Even if we do use a AV product and patch the system, what about groups such as the stuxnet crowd who can fly under the radar – for close to a year – before being detected are out there watching the “systems” every move. Coming from an architecture background, and being a bit of a rogue spokesperson for “open architecture”, SOA, ES and various other new wave technologies has made me think about the potential negative impact all this openess has created. Not only is all the openness a potential hole, but so are highly customizable systems like SAP in general. Mobile devices, which I am extremely fond of, are another potential gaping security risk. Since the recent Sybase acquisition Smart Phones/Mobile have been the hot topic, and moving forward, will be one of the new end users of the enterprises data. But aside from logical attacks, dont forget to think about the physical risks. Consider a SAP HR app running in multitasking mode on a iPhone 4, forgotten in a canteen. The screens blank but after some easy investigating some pretty sensative data is loose. What about the same situation and they forget a smartphone at the customer, showing our sales margins? Another great example was the early iPhone 4 debut thanks to a irresponsible apple employee.
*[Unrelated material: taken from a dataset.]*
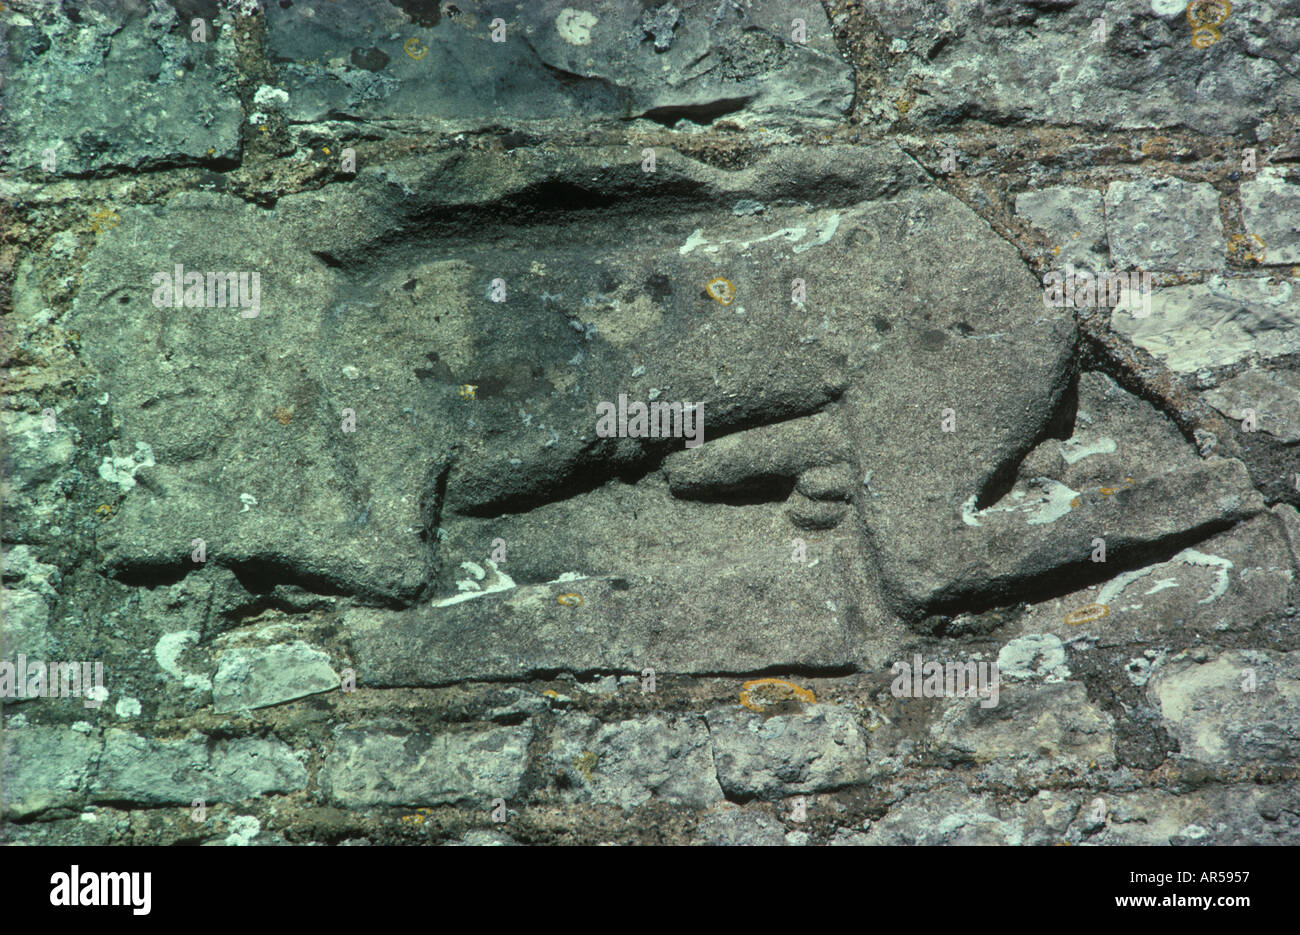 Fertility symbol on exterior wall of 'Church of St James' the 'Great Abson' Somerset England HOMER SYKES Stock Photo

Getting back to more sinister aspects … past SAP specific viruses have gotten their fair share of exposure. The last one (and only one?) I am aware of was in 2002 and went by the names SAP.VSoft.A, SAP.Willi.A and ABAP/Rivpas. This was simply a proof of concept and not even a major threat. You can read more about it the SAP Note 512595 (Login Required). I am fairly surprised that this is the only well known and well documented virus. Please comment if I am wrong?
So how can we prevent these types of situations? In my opinion, its impossible. Why? We dont have control of foundation level systems which ERP platforms interact with and rely on for functionality. Think about windows 49 patches due to be released on Tuesday – a new record by the way. But what we can do, is ensure that we have the right (QA) experts and systems in place to mitigate as much risk as possible. We have to work as a team to be responsible architects, admins and developers when evolving and expanding our systems to meet expectations. We also need to do strict source code reviews periodically. Lastly, we need to not cave into pressure from internal customers insisting that the data they need is a necessity without putting the right measures in place to ensure its integrity. SAP also making an effort by providing a host of security guides (Login Required) which can be reviewed and utilized to reduce the potential risk.

In wrapping this up, we all spend a considerable amount of time give the right data, to the right people and now in the right place. What about the potential for the wrong people in the wrong place?